Note that faceted values and SME can not be implemented as easily with a program transformation [4]. We then show the correctness of the transformation.

Theorem 4

(Correctness). iff \(\mathcal {E} \vdash \langle \mathcal {T}(c), \widetilde{m}_0 \rangle \xrightarrow []{\tau }^*\).

Corollary 1

(Soundness and Precision). \(\mathcal {T}(c)\) is sound and precise.

2.5 General Framework

The presented approach is not specific to a concrete language. presents a general version of this technique applicable to a wide range of languages under fairly unrestrictive assumptions: The number and level of outputs performed by an evaluation step may not depend on the memory; moreover, the semantics is assumed to be total and deterministic. Under these assumptions, satisfied by many realistic languages, the framework provides soundness and precision guarantees. Moreover, we also sketch an approach to lift the totality assumption on the semantics.

3 Implementation

This section presents DroidFace, a dynamic analysis tool for taint tracking in Android applications, based on the facelifted values from Sect. 2. The tool is a prototype built on top of the Soot framework [37]. DroidFace leverages an intermediate bytecode language, Jimple [37], to implement the static source-to-source transformation for facelifted evaluation. As a result, the implementation works with both ordinary Java class files as well as APK files for the Android platform. We further discuss Jimple in the full version of the paper [5].

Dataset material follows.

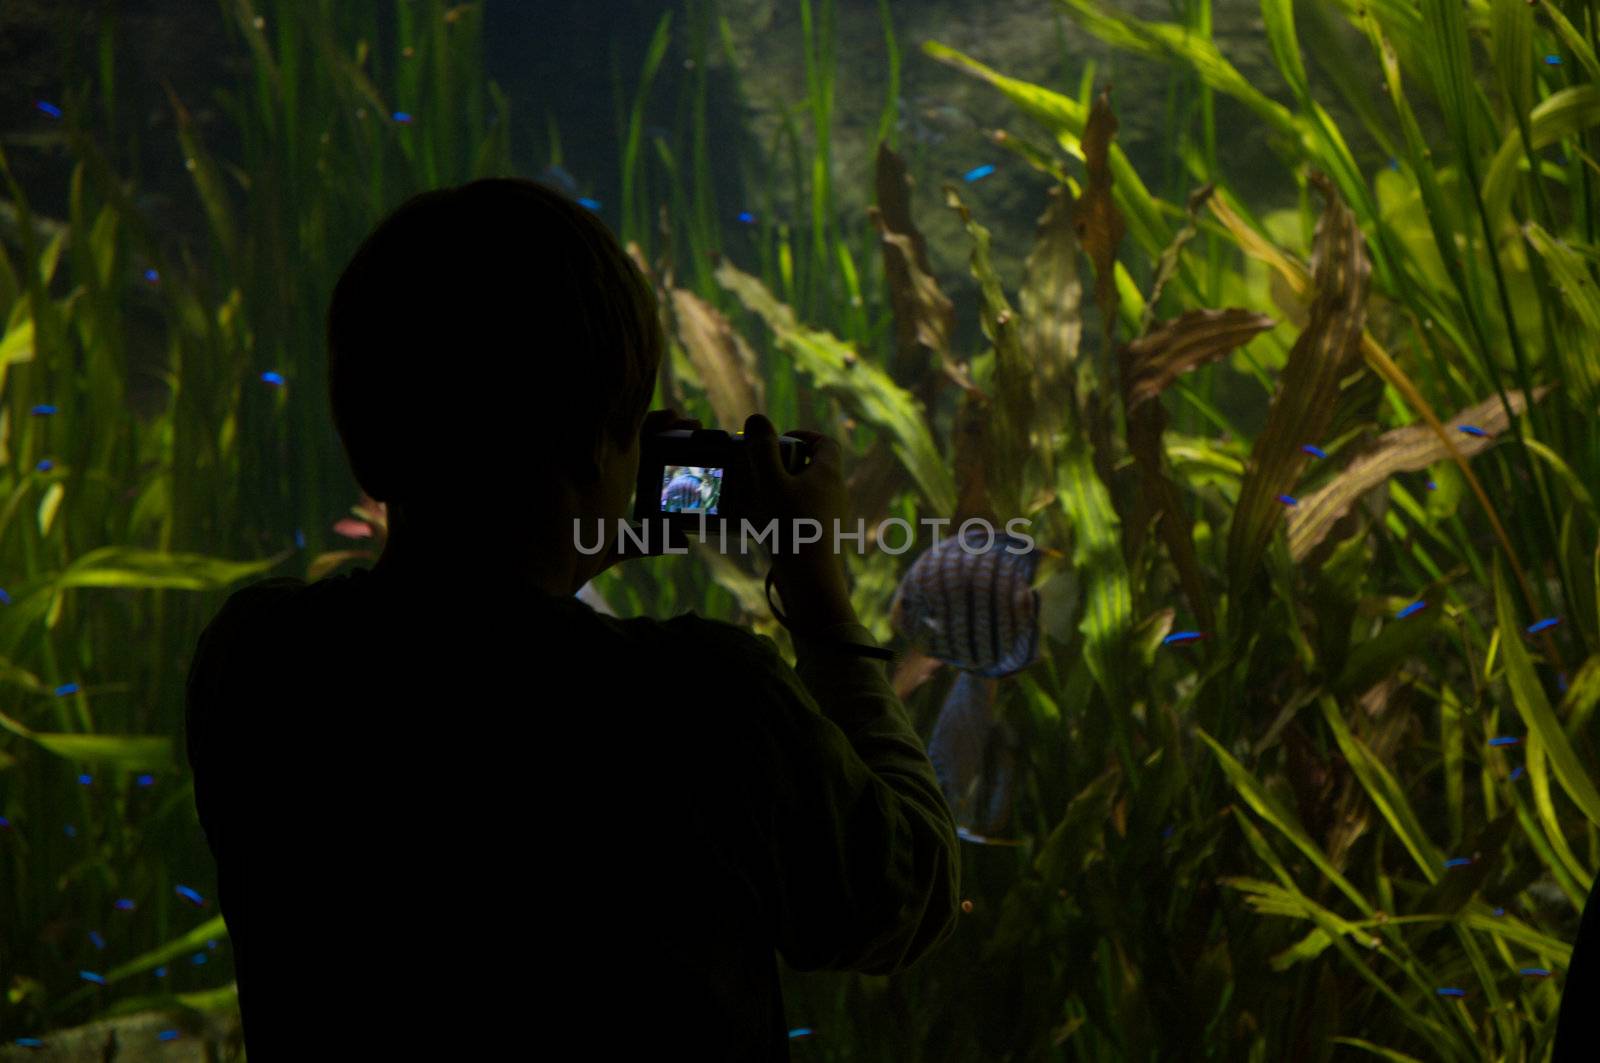 Children taking pictures of fish in an aquarium
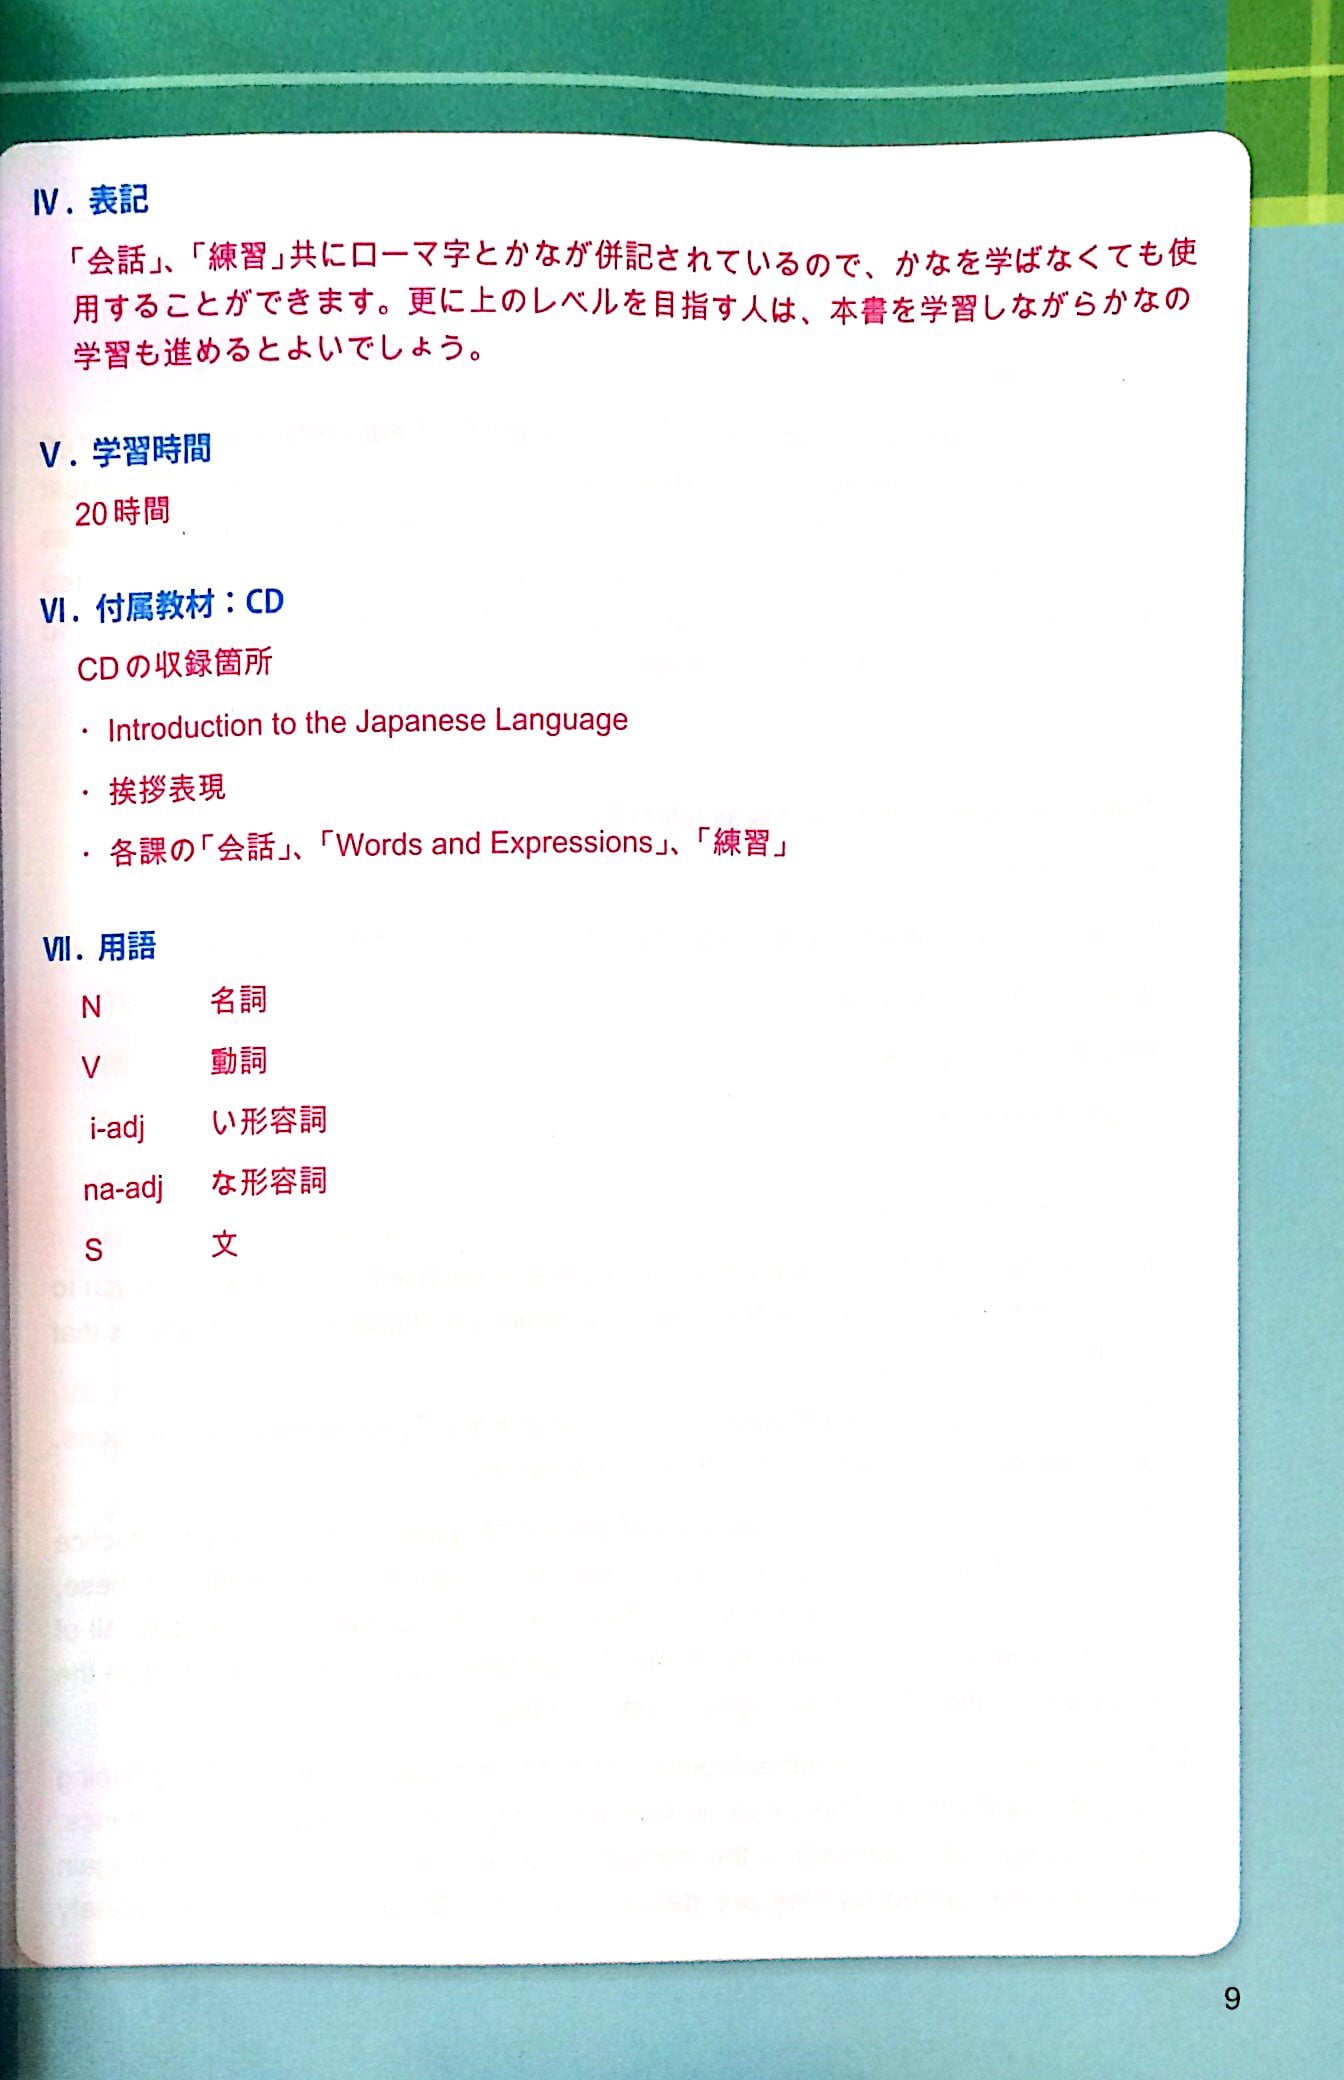 Tự Học Đàm Thoại Tiếng Nhật - Dành Cho Người Mới Bắt Đầu PDF

DroidFace. We give a general overview of the architecture, features and limitations of DroidFace. We emphasize that the main contribution is the development of a fundamentally new approach to taint tracking applicable in many settings. Our main goal is to demonstrate feasibility of our approach in terms of precision, performance and flexibility, not to fully cover the Android platform.

DroidFace takes as input an Android APK file (a compressed archive) and uses Soot to convert it to a set of Jimple programs. Next, it applies the source-to-source transformation (as outlined in Sect. 2.4) to inline facelifted values and therefore produce a secure version of the input program. Finally, DroidFace converts the program back to an APK file that can be run on the Android platform. The source code of DroidFace is available online [5].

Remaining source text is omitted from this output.